**** AVAILABLE DATA ****

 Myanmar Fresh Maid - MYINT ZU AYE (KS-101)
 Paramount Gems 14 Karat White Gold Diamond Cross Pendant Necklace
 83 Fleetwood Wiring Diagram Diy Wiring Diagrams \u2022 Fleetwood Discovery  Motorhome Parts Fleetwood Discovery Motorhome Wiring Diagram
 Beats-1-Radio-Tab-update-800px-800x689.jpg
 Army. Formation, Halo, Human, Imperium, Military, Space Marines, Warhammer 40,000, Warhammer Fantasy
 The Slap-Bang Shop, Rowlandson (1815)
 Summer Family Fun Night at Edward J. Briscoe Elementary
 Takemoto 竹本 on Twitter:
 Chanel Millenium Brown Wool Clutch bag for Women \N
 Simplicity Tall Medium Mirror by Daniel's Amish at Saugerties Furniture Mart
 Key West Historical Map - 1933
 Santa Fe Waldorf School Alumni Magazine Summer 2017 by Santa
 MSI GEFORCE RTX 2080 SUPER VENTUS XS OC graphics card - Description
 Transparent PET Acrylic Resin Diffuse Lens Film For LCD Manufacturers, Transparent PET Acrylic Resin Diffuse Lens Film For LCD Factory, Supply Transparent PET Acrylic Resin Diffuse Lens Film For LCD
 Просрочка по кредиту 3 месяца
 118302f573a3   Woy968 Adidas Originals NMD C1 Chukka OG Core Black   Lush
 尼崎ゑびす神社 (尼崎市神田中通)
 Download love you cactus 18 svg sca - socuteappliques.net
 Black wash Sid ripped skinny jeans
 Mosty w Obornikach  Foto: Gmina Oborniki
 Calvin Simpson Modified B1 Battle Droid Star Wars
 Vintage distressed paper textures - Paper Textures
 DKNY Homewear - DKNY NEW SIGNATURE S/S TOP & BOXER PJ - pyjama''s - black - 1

****

*TASK GOAL*: Each line above that includes the word "Summer" is to be copied.

*YOUR SOLUTION*:
 Summer Family Fun Night at Edward J. Briscoe Elementary
 Santa Fe Waldorf School Alumni Magazine Summer 2017 by Santa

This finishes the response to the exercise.